Regarding this question, let me explain my logic, and I'm sure many will disagree.
She has approximately 8 months until she reaches 10 years, where she can vest out and get pension/benefits for her time. For her to leave now, she would fall back to 5 years.
Yes, I agree that it is stupid to put a couple of bucks ahead of salvaging everything we have built together; however, her contact with OM is minimal to none at this point, and he was already changing shifts (regardless of the EA being exposed) so that they will never be in the office together.
While it is not fully NC at the moment, it's damn close, and I will present the NC concept after my therapy session this week.

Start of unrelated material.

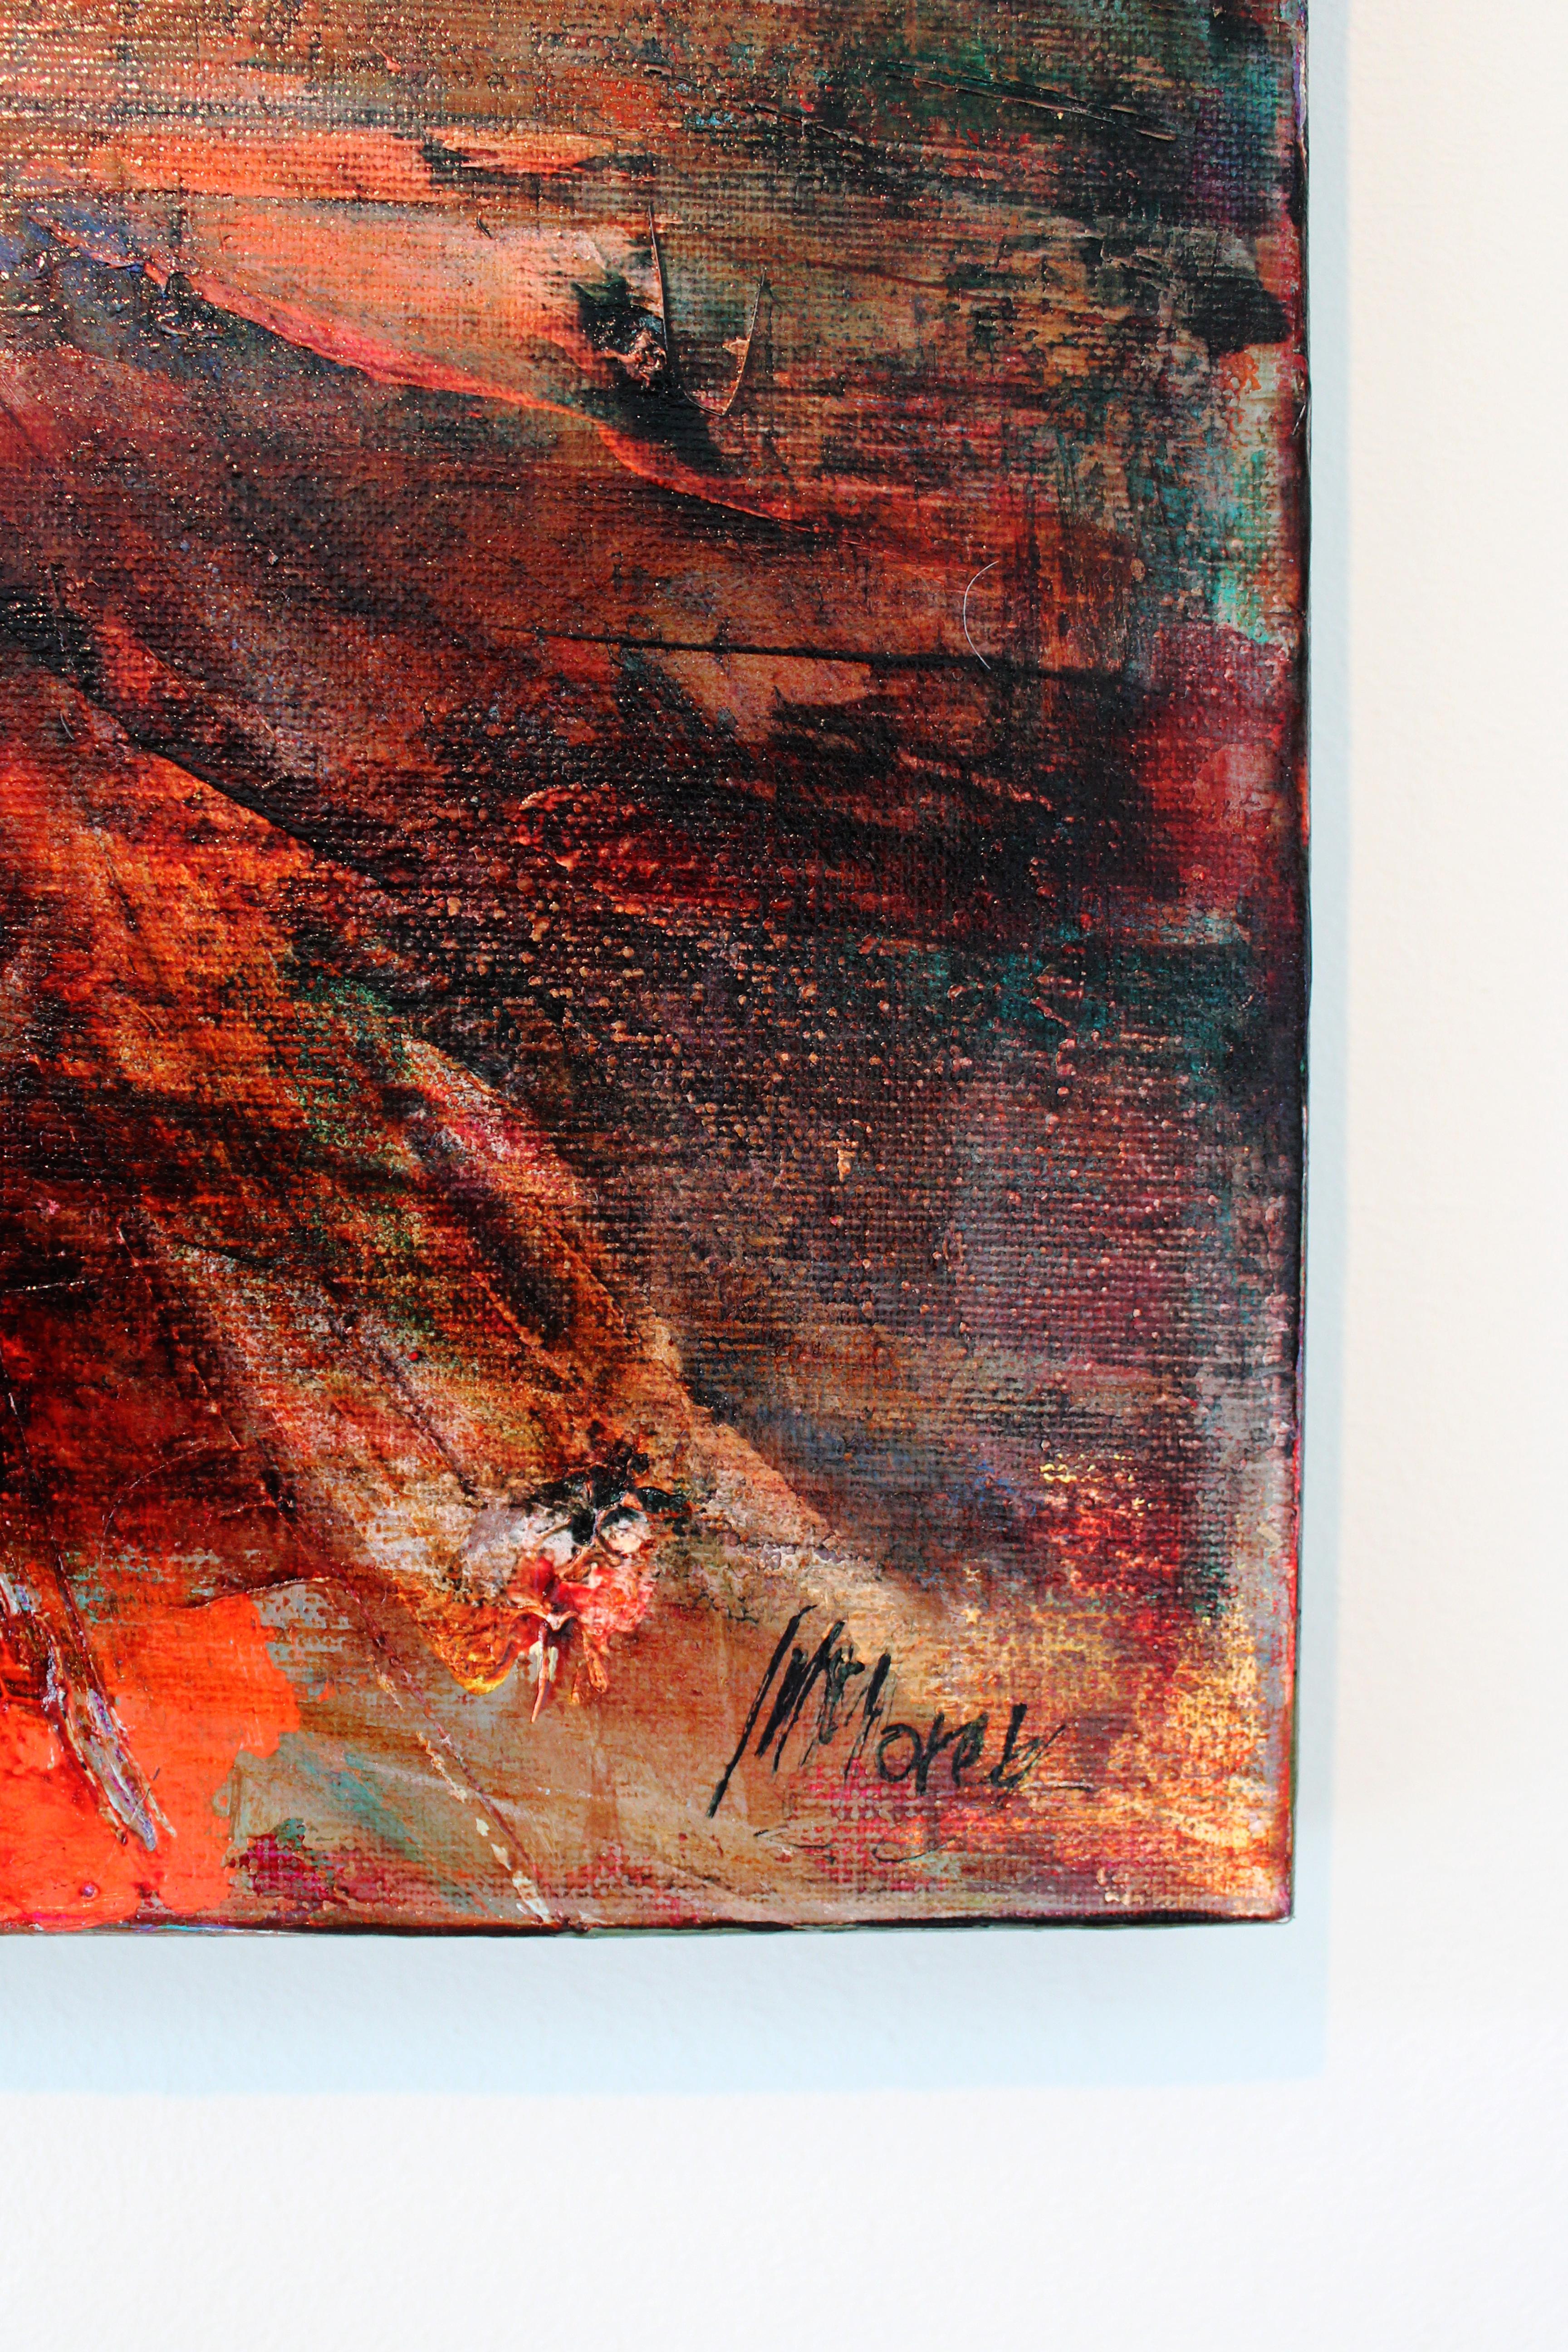 Morning Peaks – originales abstraktes expressionistisches Landschaftsgemälde der Moderne (Abstrakter Expressionismus), Painting, von Magdalena Morey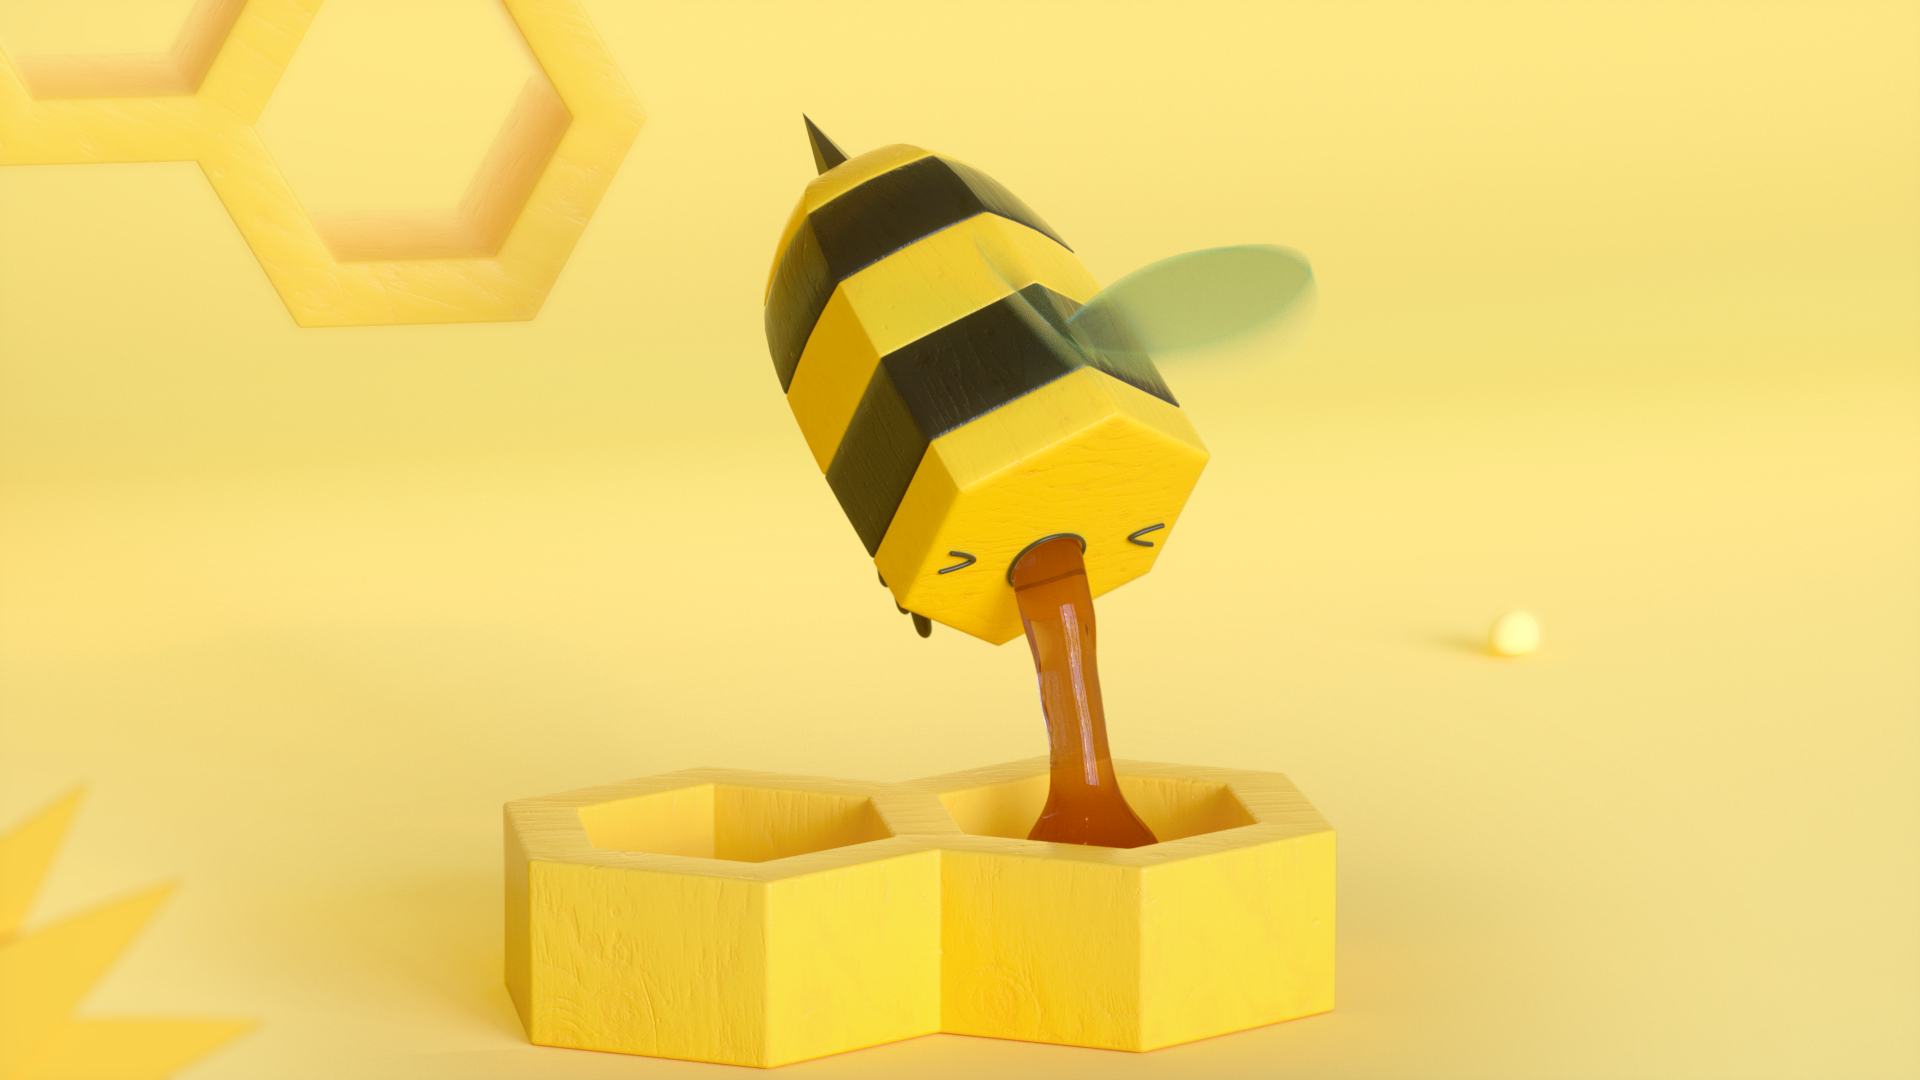 Bees animated short by Ricard Badia Animade | STASH MAGAZINE

Now, hedging the situation, a small part of me thinks her keeping the job is good in the fact that if things don't work out (it's early and I imagine the possibility exists for things to turn for the worse, as much as I don't want that), I suppose it would be good for her to be working w/respect to settlement. I hate considering that, but it's life I guess.
So I have two scenarios, both of which aren't fantastic. She stays and I accept that there will inevitably be some exchanges, perhaps on the stairs or in the hallway, or she leaves and I foot a bigger bill if things don't work out.
OR she stays, quits as planned next year, and we live happily ever after with her 10 years under the belt hahahahahaha It's tragically funny that this couldn't just be taken for granted. Hopefully in time it can be, but I needed the laugh I just gave myself.
Re: Blew lid off wife's most recent EA about month ago...I'm lost
Quote:
Originally Posted by lovestruckout
Her contact with OM is minimal to none at this point, and he was already changing shifts (regardless of the EA being exposed) so that they will never be in the office together.
How do you know this? Have you dropped in at the workplace a few times and asked for each of them? Is their work schedule available online? Have you verified it with their supervisor? Or are you just going by what your wife or one of her friends told you? I'm just trying to get a picture of what the work situation is like, and how you know who's doing what where and when.